Choose a frame that contrasts the shape of your face, not one that mimics it. "It's all about geometry," says Ravane Richman, owner of Seattle's Market Optical. The ideal face shape is an oval, he explains, and since most of us aren't so symmetrically lucky, we look sharper in frames that help us achieve an "oval effect," or, in blunter terms, downplay our defects.
If you're of the round-faced persuasion, try frames with sharp angles: rectangles, trapezoids, and the like. Round glasses would accentuate your chubby cheeks. If a weak chin's your problem, a frame that's slightly wider along the bottom edge will give the lower portion of your face the heft your chin can't. Rimless frames are another good option since they don't add more "weight" up top. If your cheeks and jowl span broader than your forehead (a shape often called the "base-down triangle"), choose a frame with a dramatic top edge to draw your admirers' eyes up. For me, all the pros suggested oval or modified cat-eye frames to soften my jaw line and separate my beady eyes. (Speaking of pros, what's the difference between optician, optometrist, and ophthalmologist? And just what is a "frame stylist"? Click for a primer.)

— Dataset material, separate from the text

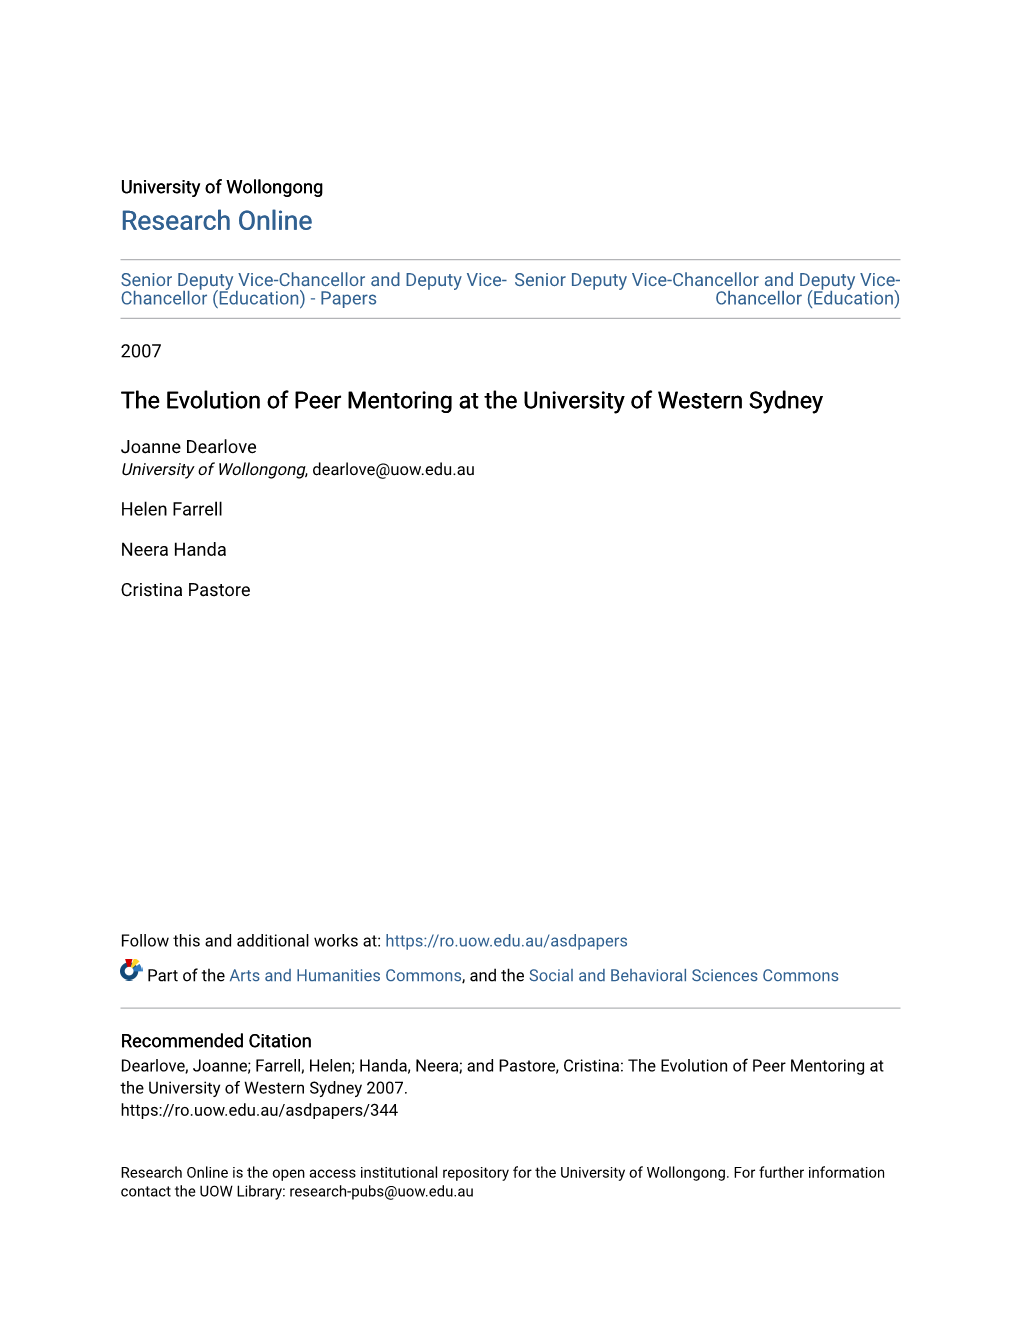 The Evolution of Peer Mentoring at the University of Western Sydney

Bigger isn't better. Even today, when tiny frames are the rage, the most common mistake people make is selecting glasses that are too large for their face. "They don't understand that the bigger the frame, the more distortion there'll be," says optician Lorali Downes of Seattle's Eyes on Fremont. Silver-dollar-size glasses also catch more glare than petite ones. Baby boomers take heart: Manufactures have developed progressives, aka no-line bifocals, for your over-40 eyes that work fine in tiny frames. Other fit issues to keep in mind: Frames shouldn't be wider than your face or rest on your cheeks; they should sit lower than the eyebrows, with your eyes centered in the lenses.

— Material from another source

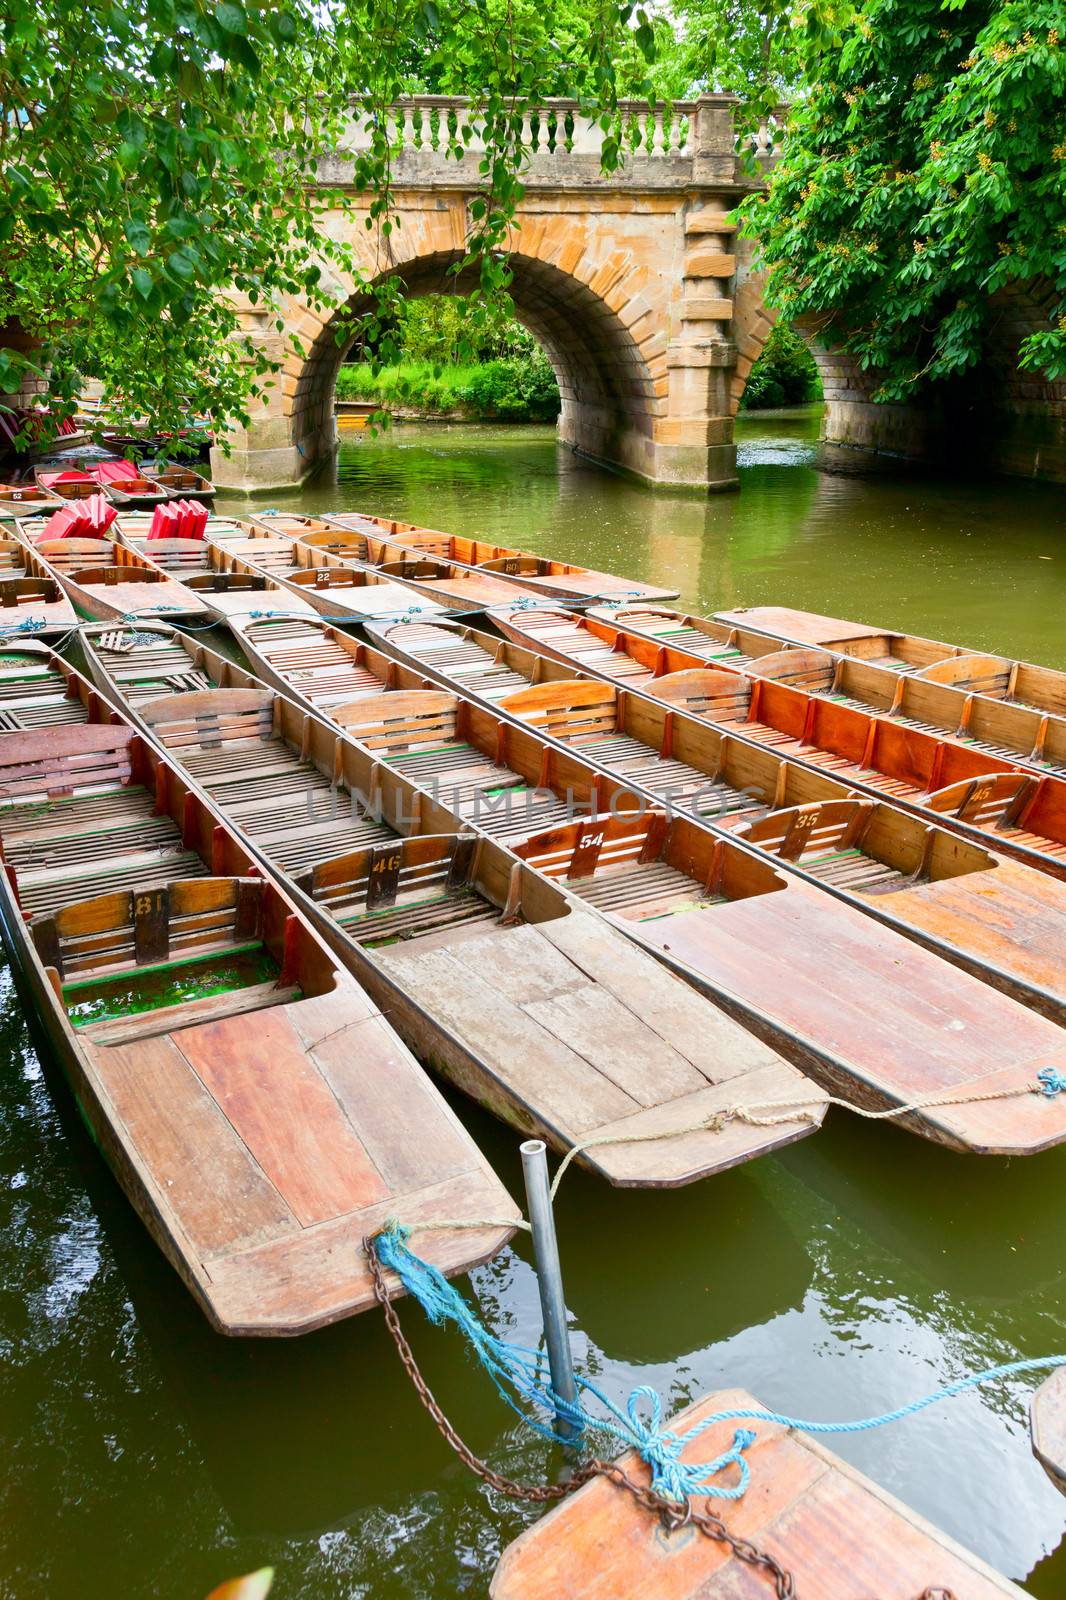 Punts in Oxford by naumoid

C hoose a frame that complements your coloring. You're either a warm (yellow-based) or a cool (blue-based). Since I have brown eyes and, when left untouched, brown hair, I naturally assumed I was a warm. Wrong. A trick I learned from the Web site All About Vision is to look at your veins; if they're more blue than green, you're a cool and should consider frames that are black, reddish brown, slate blue, and dark tortoise. More green? You warm-bloods are better off in camel, khaki, and copper. For the outgoing warm, try fire-engine red.
The Price of Beauty
Last year, Americans shelled out $15.4 billion for eyewear, according to the nonprofit Vision Council of America. (In 1997, Consumer Reports found that the markup on glasses is huge—a $200 frame probably cost the shop a mere $70.) A thrifty consumer can find rock-bottom prices like two complete pairs for $40, but those deals often don't include protective lens coatings, and the frames can have that long-in-the-drawer look. Typically, people spend about $150 to $400, according to shopkeepers.